_The problem_
Please give back each line of the material unchanged, but without the images.

_Provided data_
# # # # # # #

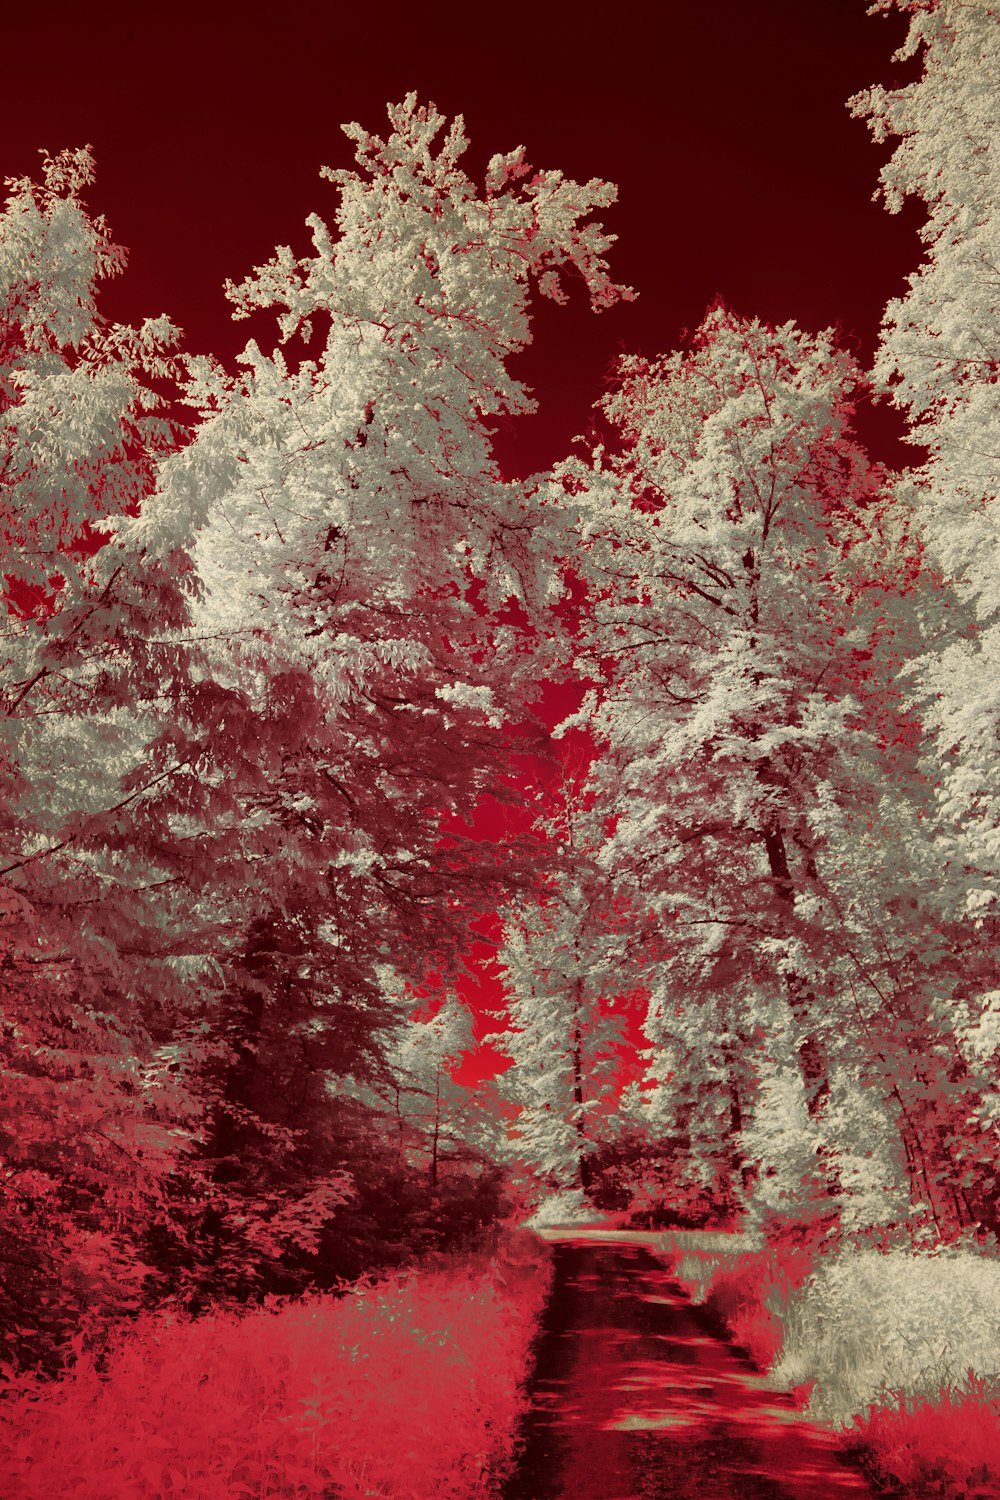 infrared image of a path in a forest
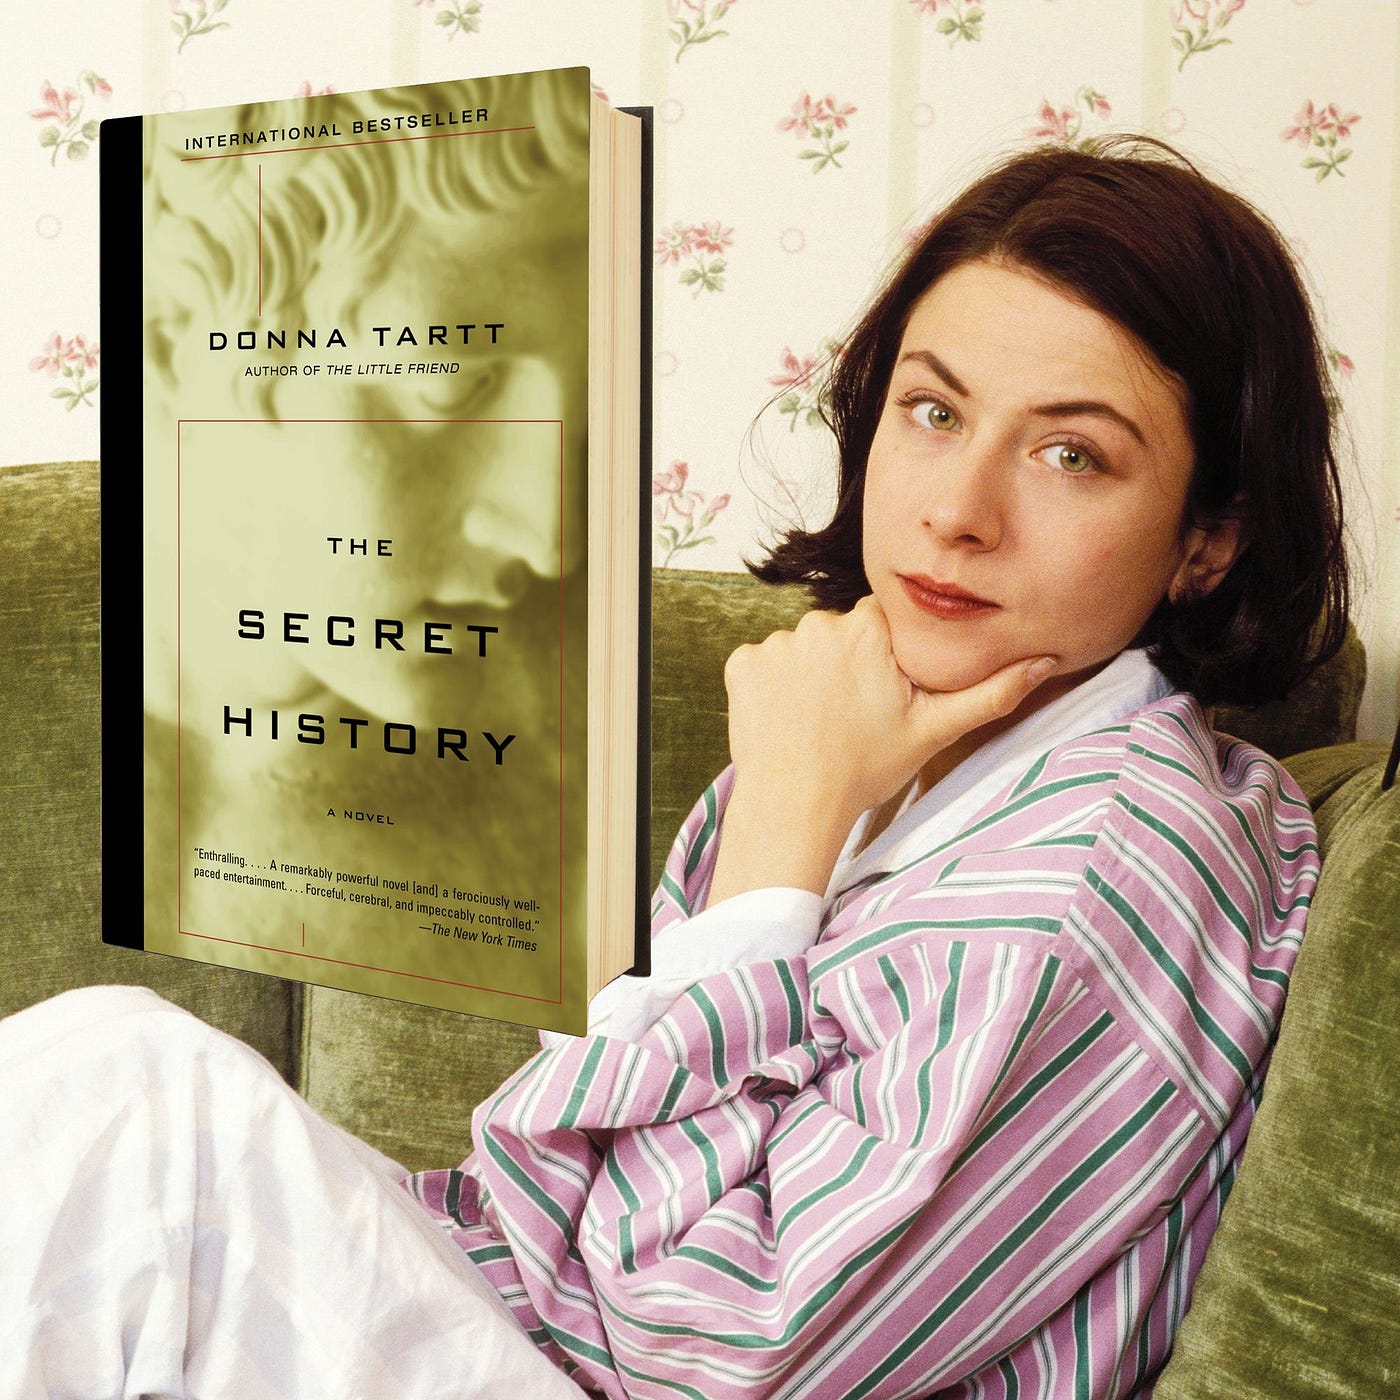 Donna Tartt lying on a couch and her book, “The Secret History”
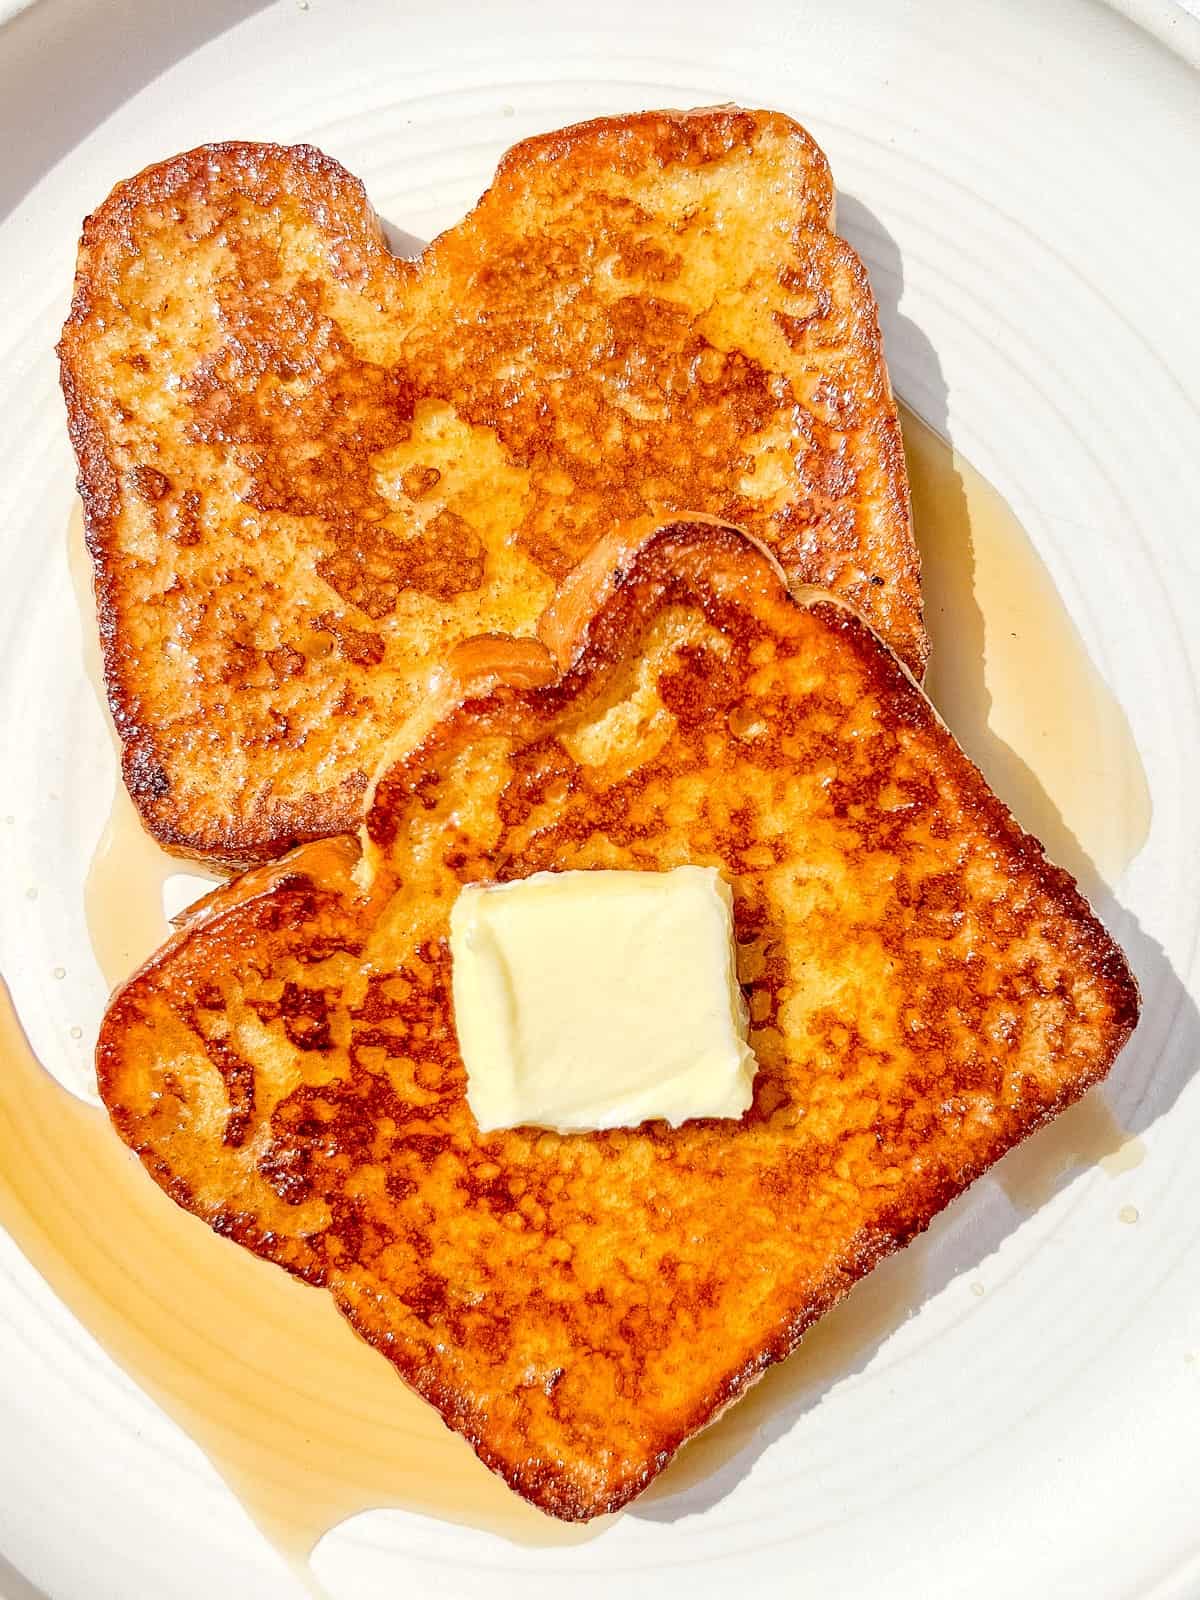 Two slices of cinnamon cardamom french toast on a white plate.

# # # # # # #

_Reply to the task_
 infrared image of a path in a forest
 Donna Tartt lying on a couch and her book, “The Secret History”
 Two slices of cinnamon cardamom french toast on a white plate.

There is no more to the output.